The bankruptcy will involve hardship for about 20,000 city pensioners, unknown losses for bondholders, and may make it harder for the city to raise capital in the future. But the move had been widely expected and seen as unavoidable, and many in the Motor City – as well as many commentators – see the bankruptcy as a way of kick-starting its recovery. That’s not necessarily a pipe dream: Orange County emerged from bankruptcy within a year and nine years later had a triple-A bond rating. No one is suggesting Detroit’s recovery will be as quick or easy. But there are already signs that the city is “capable of reimagining its future”, as a recent FT editorial put it.

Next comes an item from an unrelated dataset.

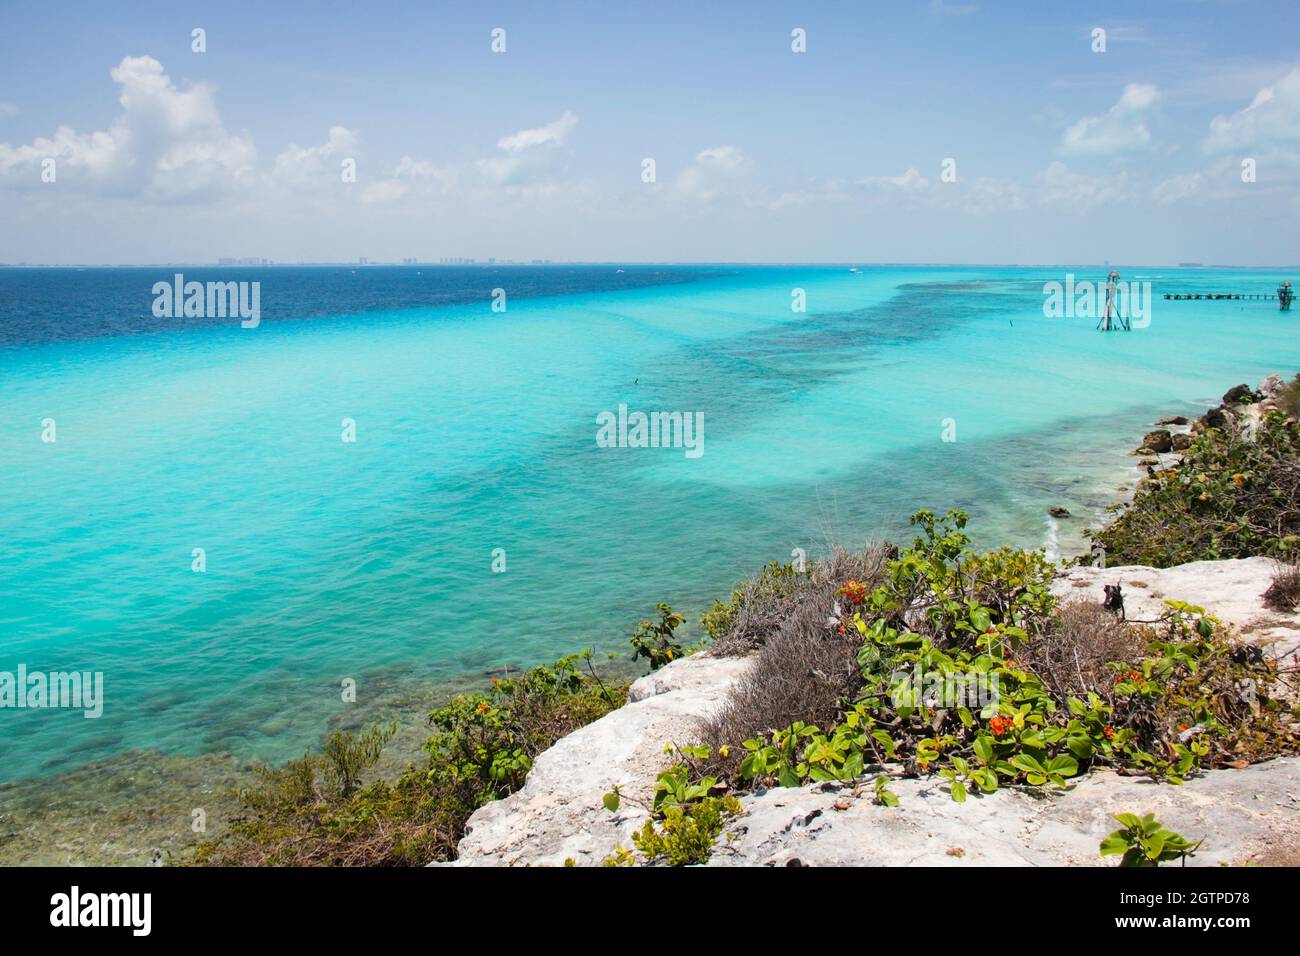 Magnifiche vedute del Mar dei Caraibi di acque turchesi e blu dall'isola di Isla Mujeres, Messico. Paradiso esotico, concetto di destinazione di viaggio vacanza Foto Stock

Are there any signs of Detroit making a comeback? Several financial services firms moving back into the centre from the prosperous suburbs; Chrysler opening its first corporate office in the city in decades; upmarket food chain Whole Foods opening its first shop there. And in September, the city is due to break ground on its first urban tram network since the 1930s. Detroit’s revival is possible, given a workable bankruptcy settlement in the courts, ongoing private investment and support from Michigan state. The question is whether Detroit will be a one-off, or whether it presages further turmoil in the market for US municipal bonds.
Is Detroit just the first domino to fall?
Detroit inevitably sets a precedent, reckons US analyst Meredith Whitney in the FT, since in effect the bankruptcy means the city authorities siding with residents to protect the city’s survival – and against unions and bondholders. That suggests its aftershock effects on the municipal bond market could be “staggering”.
On the contrary, argues Lydia DePillis in The Washington Post, the impact on other cities’ bond-raising will probably be limited. For one thing, the stigma of bankruptcy has been fading as the issue of out-of-control pension systems becomes more pervasive. For another, the case of Detroit, with its “death spiral of disinvestment and mismanagement”, is likely to be considered a one-off.